* [WHAT IS NEEDED]
An exact reproduction of the listing, minus the pictures, is the required output.

* [THE DATA]
※
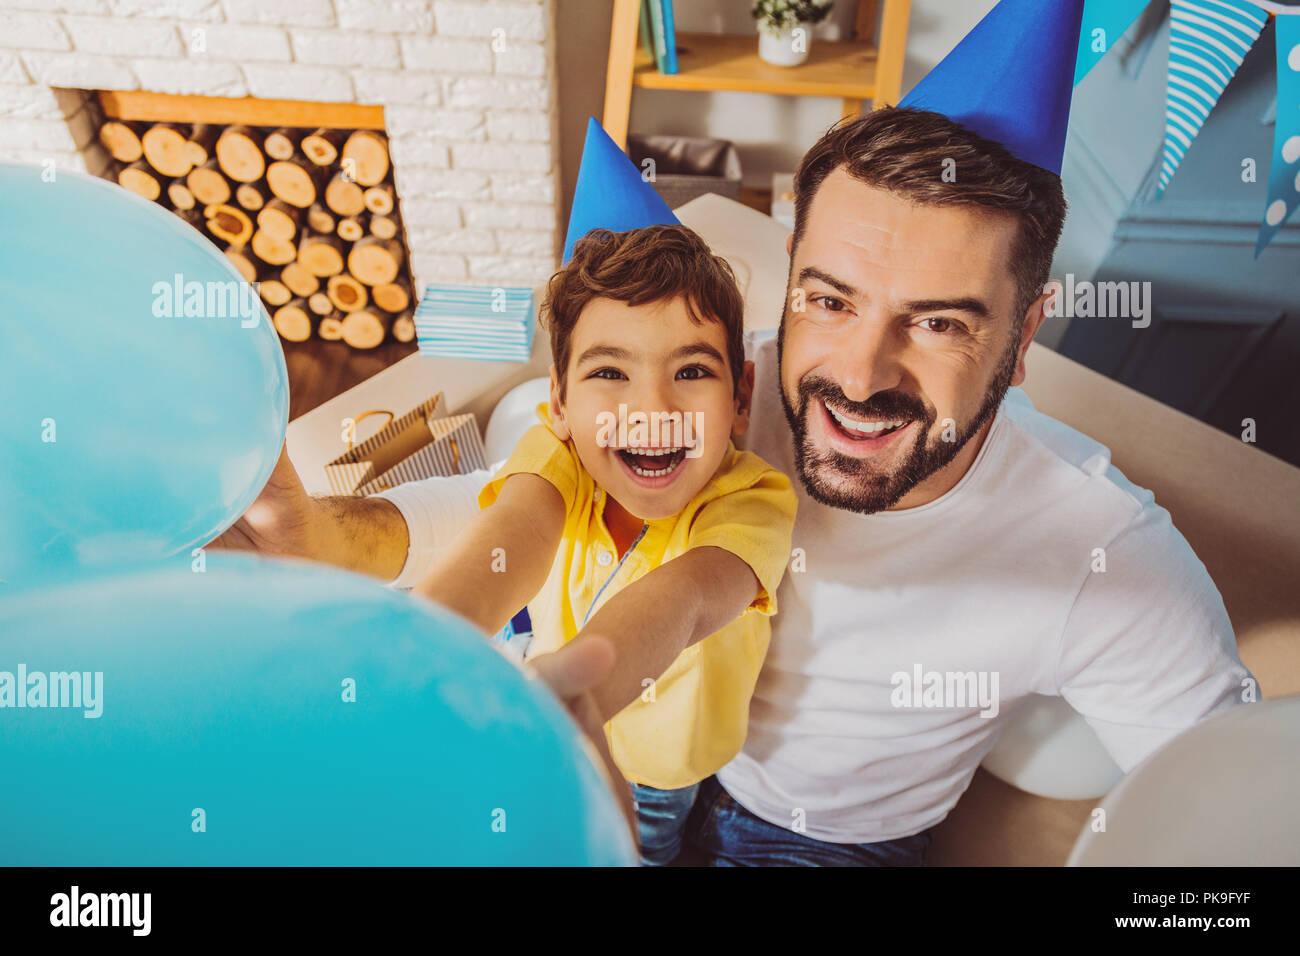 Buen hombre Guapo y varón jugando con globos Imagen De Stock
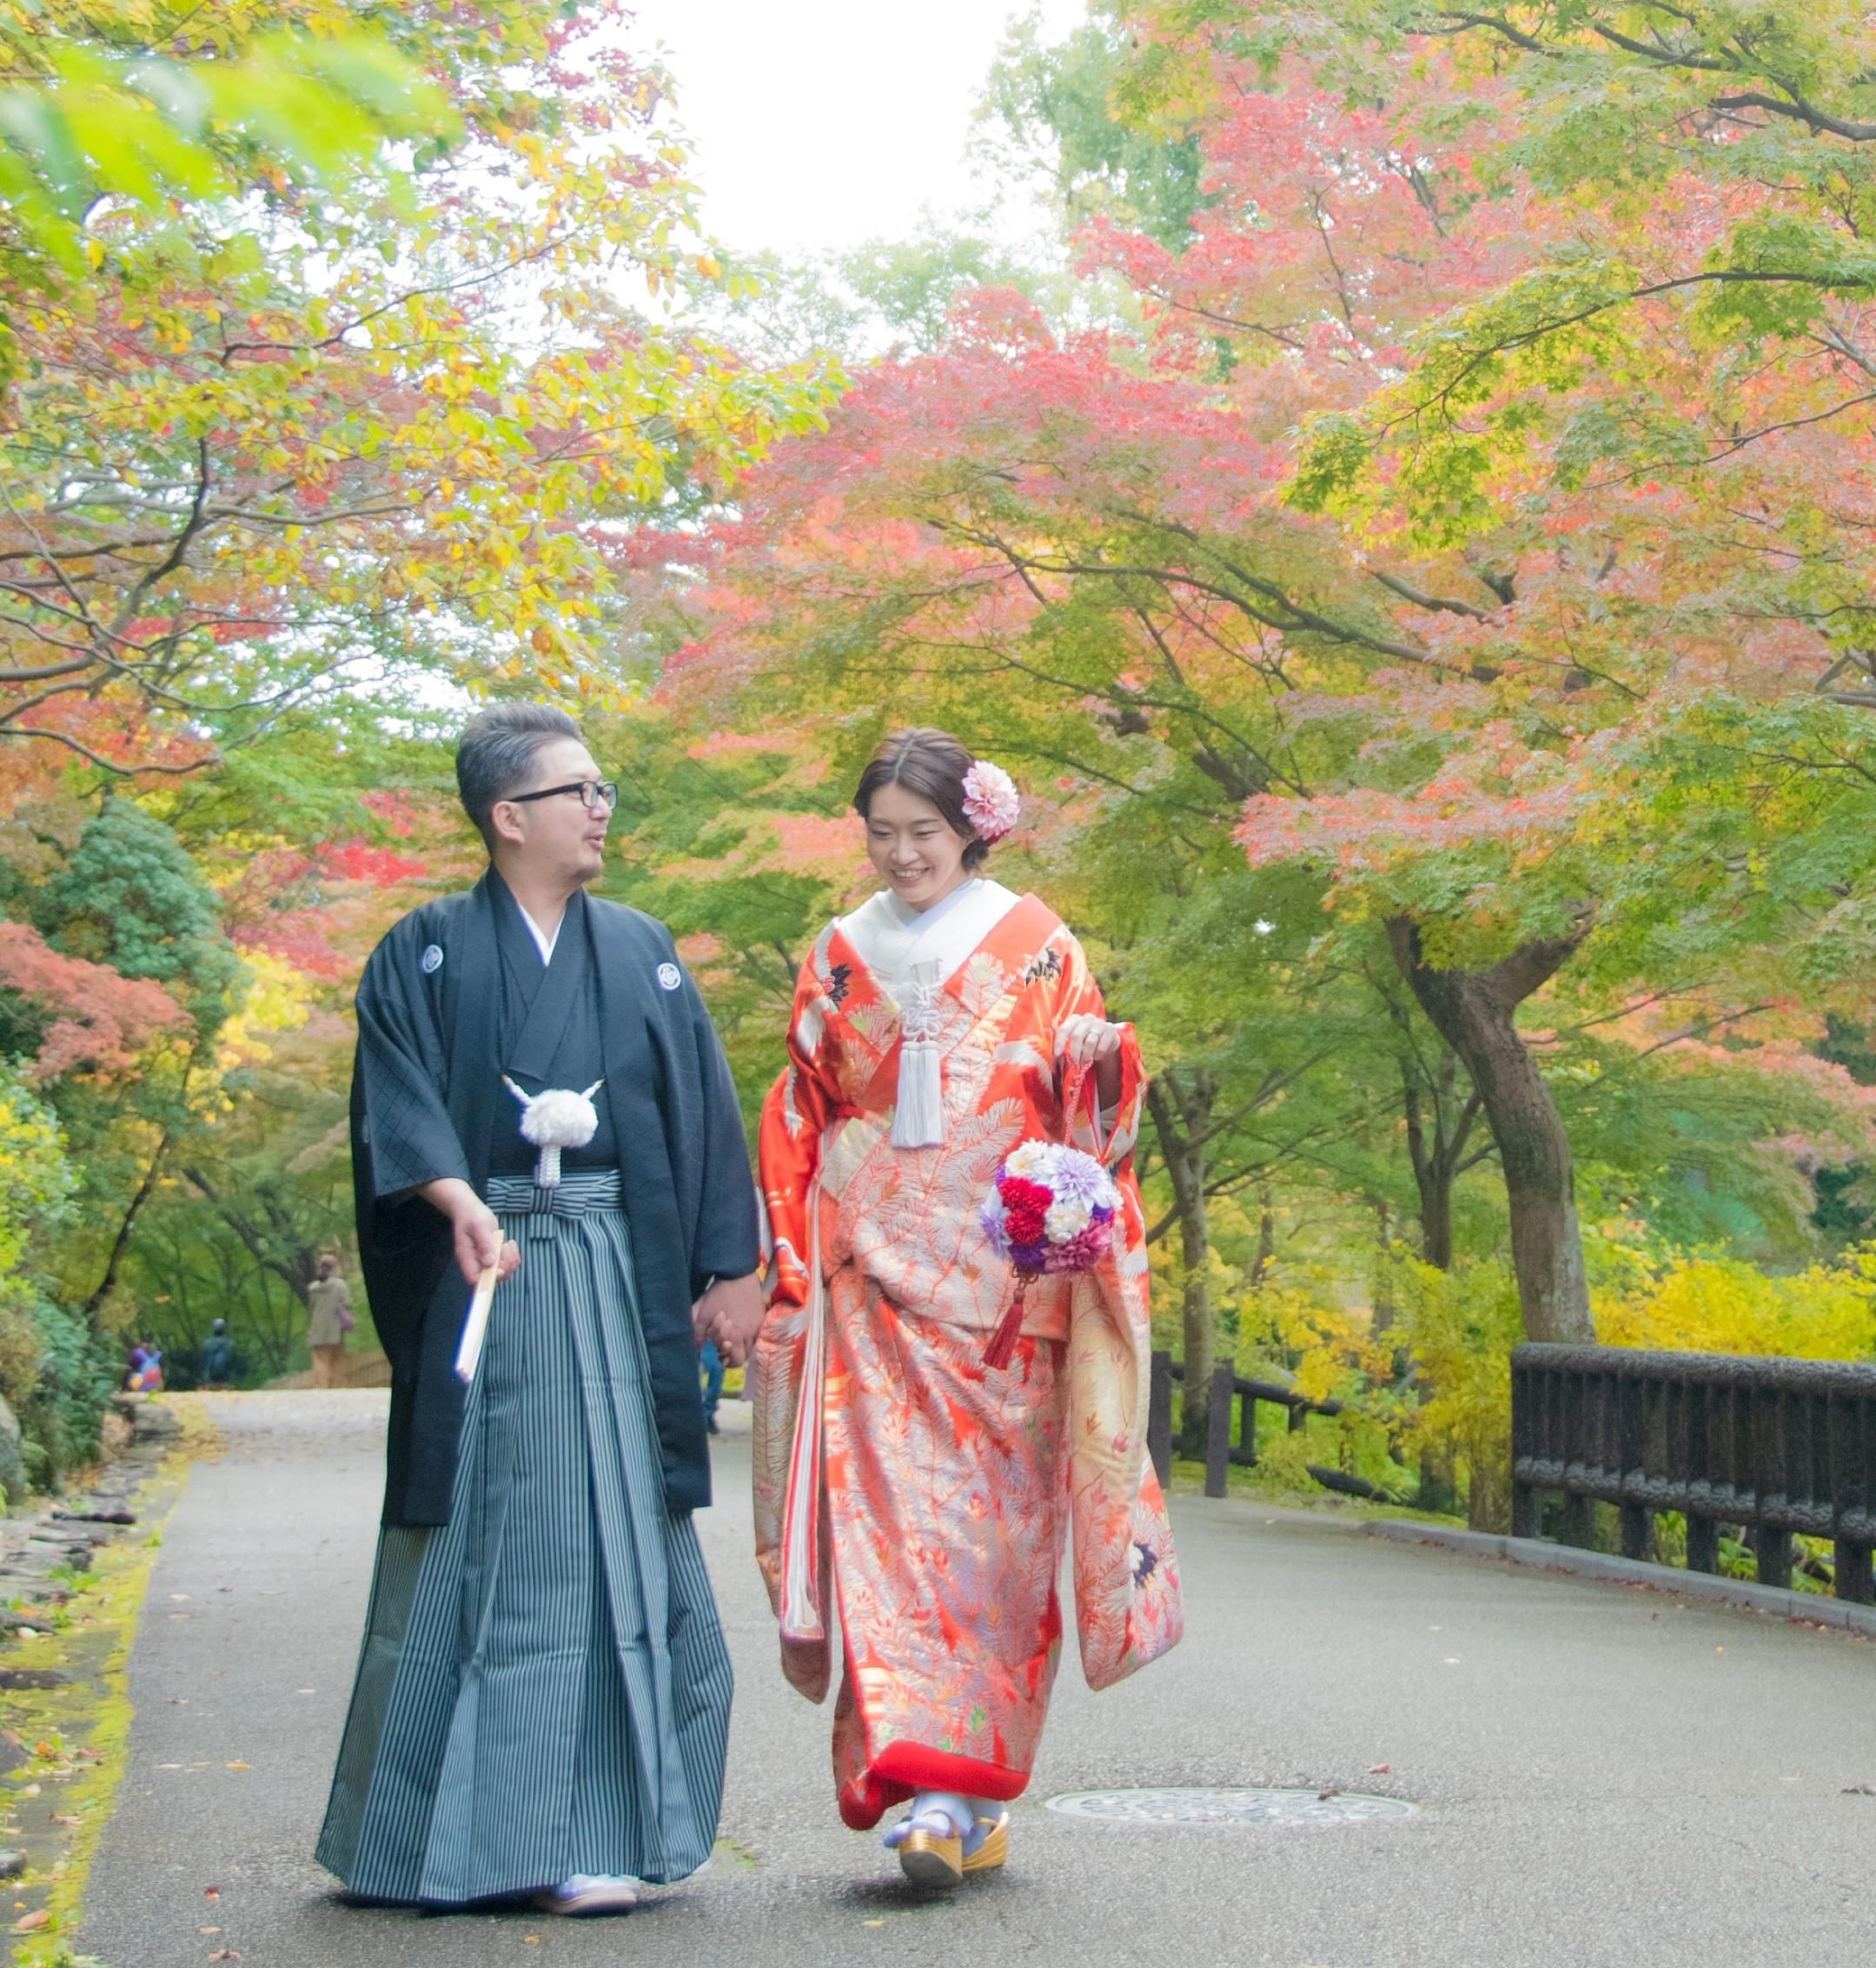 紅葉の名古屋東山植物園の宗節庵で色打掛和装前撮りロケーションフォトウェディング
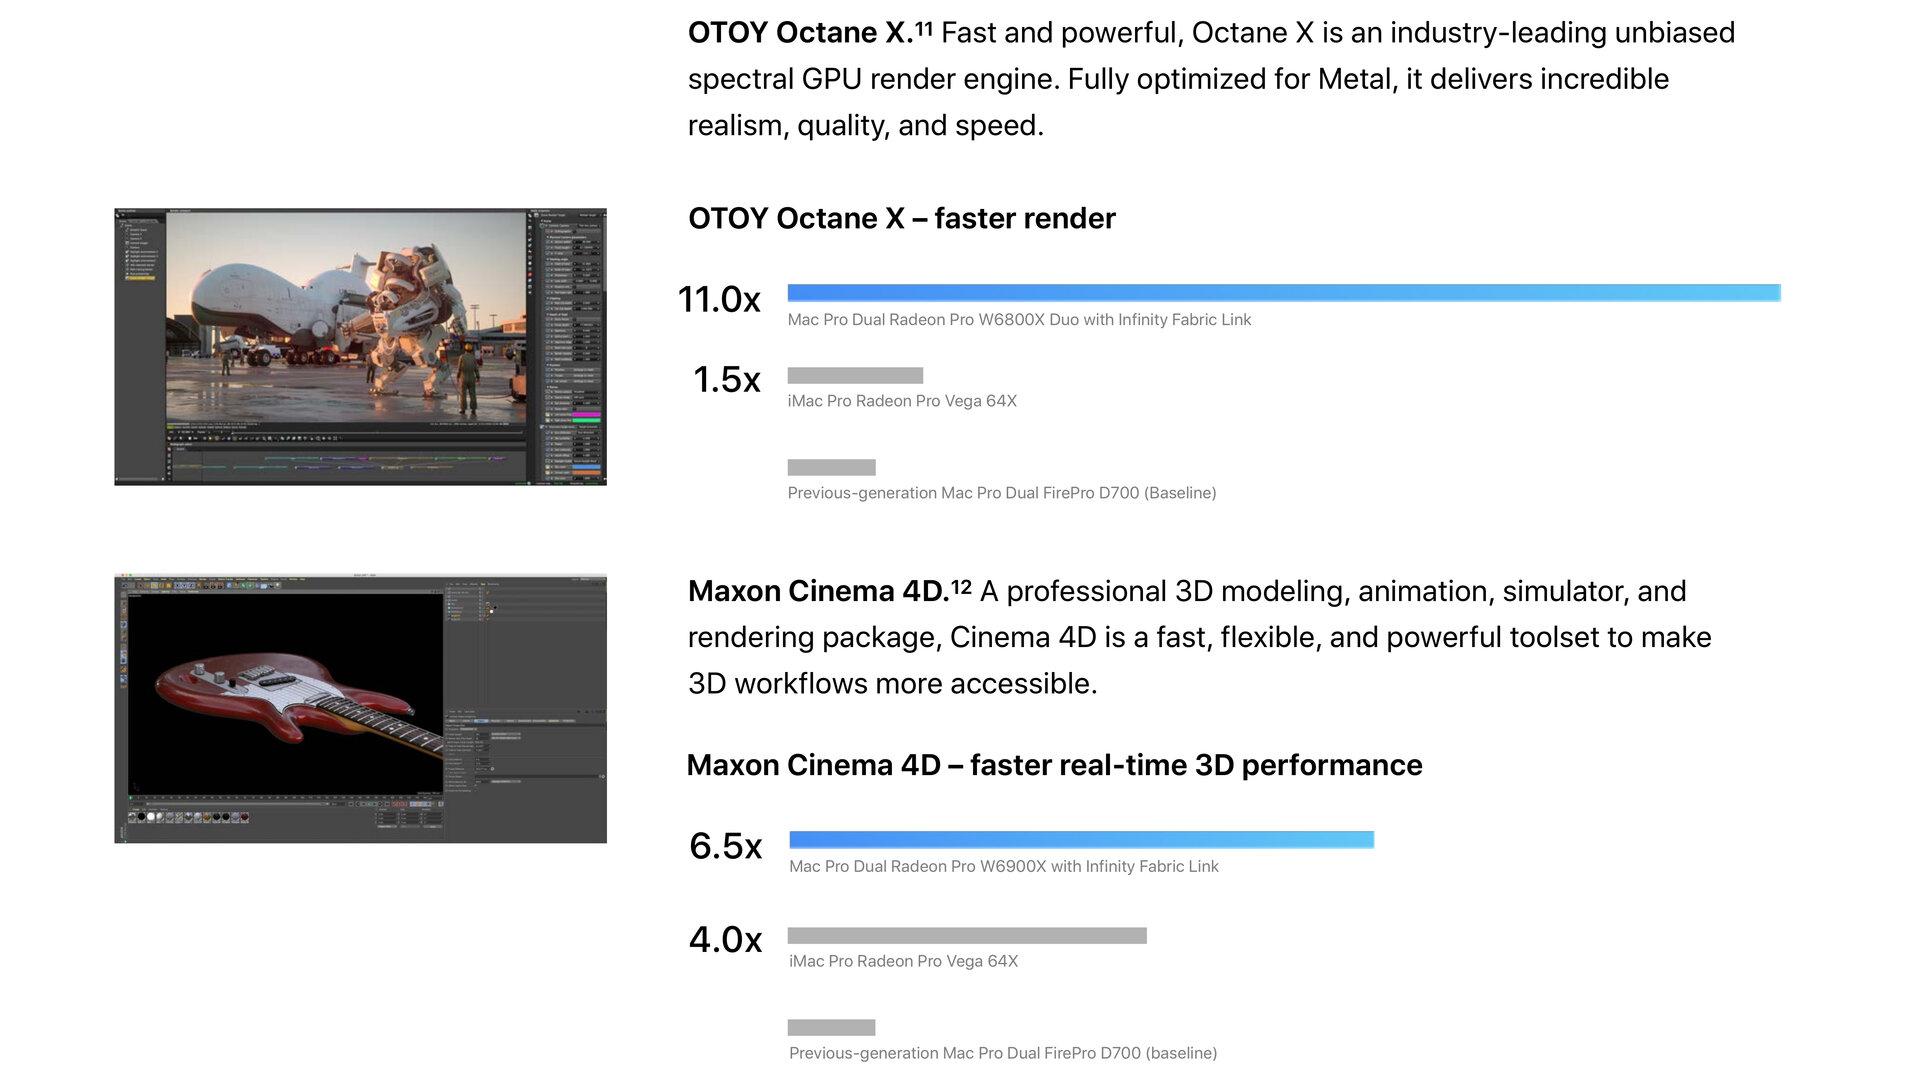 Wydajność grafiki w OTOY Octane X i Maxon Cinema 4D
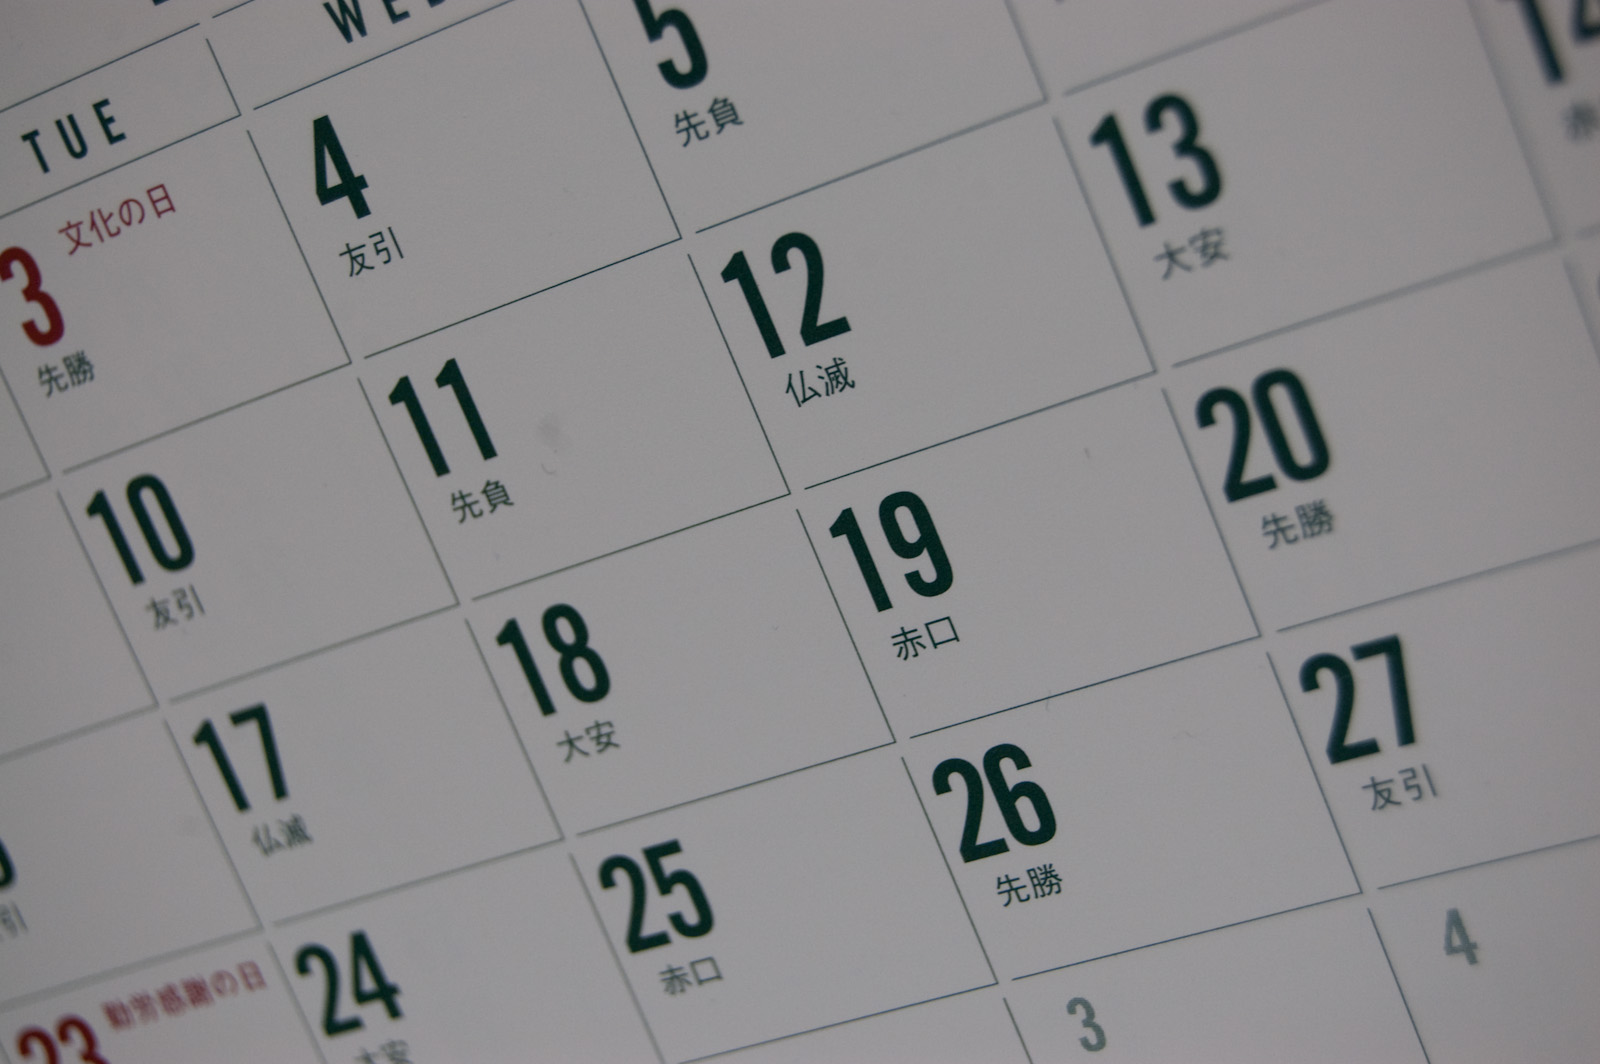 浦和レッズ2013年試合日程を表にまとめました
※
* [YOUR SOLUTION]
 Buen hombre Guapo y varón jugando con globos Imagen De Stock
 紅葉の名古屋東山植物園の宗節庵で色打掛和装前撮りロケーションフォトウェディング
 Wydajność grafiki w OTOY Octane X i Maxon Cinema 4D
 浦和レッズ2013年試合日程を表にまとめました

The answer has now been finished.